Однажды под 7 ноября, когда полярная ночь надолго опустилась над лагерем СП-2, мы с летчиком Орловым Г. К. на американском самолете СИ-47 выполняли свой последний полет по снабжению станции. На борту машины в качестве инструктора в составе экипажа был Герой Советского Союза М. В. Водопьянов. Он уже не управлял самолетом, но как наставник с колоссальным опытом арктических полетов был крайне для нас полезен.
Во время разгрузки самолета льдину неожиданно разломало пополам. Надо было немедленно уходить. Размеры аэродрома угрожающе, почти вдвое, уменьшились, но задержаться — значило потерять машину. Взлет происходил поспешно, так как вода подступала к колесам самолета и торосы дыбились уже рядом.
Комендант аэродрома полярный летчик Михаил Комаров отчаянно махал стартовым флажком, показывая направление немедленного взлета. В черной ночи полоса взлета, выхваченная лучами самолетных прожекторов, показалась мне крайне малой. Но машина, взревев моторами, уже мчалась на взлет.
— Ветер, ветер в хвост! Форсаж! — закричал пилотам Водопьянов.
Прямо на нас, искрясь в свете фар изломами, бешено наползали торосы. Орлов вырвал машину, но, не набрав еще достаточной взлетной скорости, она закачалась. Перепрыгнув через первую гряду вздыбленного льда, самолет зацепился левым крылом за следующую и с диким воем и грохотом упал на лед, по пути рассыпаясь на части. Через разлом в фюзеляже меня выбросило в глубокий снег, и на какое-то мгновение я потерял сознание...
Оба пилота, Г. Орлов и Б. Осипов, залитые кровью, в бессознательном состоянии полулежали на свих сиденьях, а между ними на полу лежал бортмеханик Н. Коровин.
Вытащив их на лед, мы с бортрадистом Наместниковым положили их на спальные мешки, а Осипов, шатаясь, вышел сам...
В фюзеляже за ящиками я увидел Водопьянова.

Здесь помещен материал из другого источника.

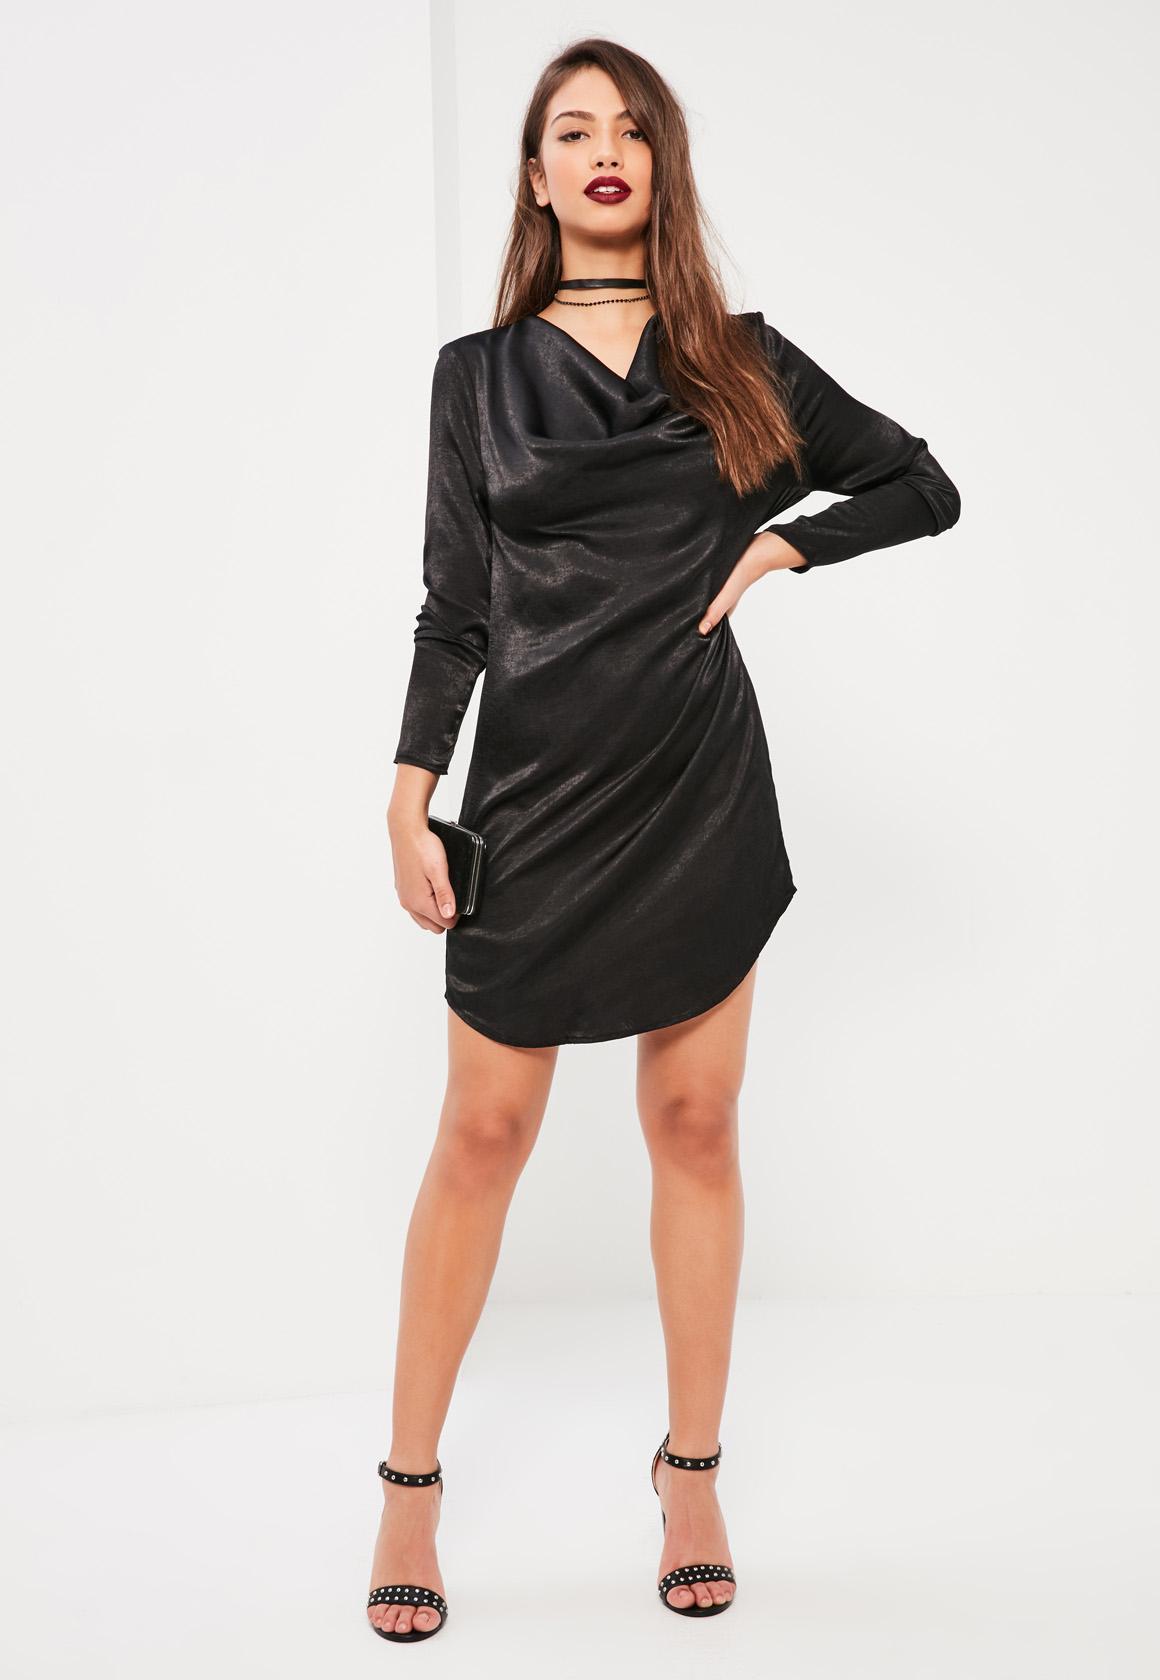 Black Cowl Neck Satin Dress

Голова его, от виска к виску, через весь лоб зияла раскрытой раной. Он был без сознания, но дышал. С помощью Осипова я вытащил его и положил рядом с Коровиным и Орловым.
Бинтами из выброшенной на лед аптечки туго перевязали Водопьянову голову, закрыли от мороза (было 27 градусов) и, разыскав аварийную радиостанцию, попытались связаться с лагерем, до которого было километра три. Но, увы, лагерь молчал.
Положение наше было отчаянным. Мороз крепчал, поднялся пронизывающий ветер. Чтобы не заморозить раненых, втащили их в самолет и закрыли оленьими шкурами. Решили подождать еще два часа. А потом одному из нас следовало отправиться искать лагерь, из которого, конечно, при взлете в темноте падение самолета не было видно. Но мы знали, что там уже большое беспокойство, так как радиосвязь после взлета прекратилась.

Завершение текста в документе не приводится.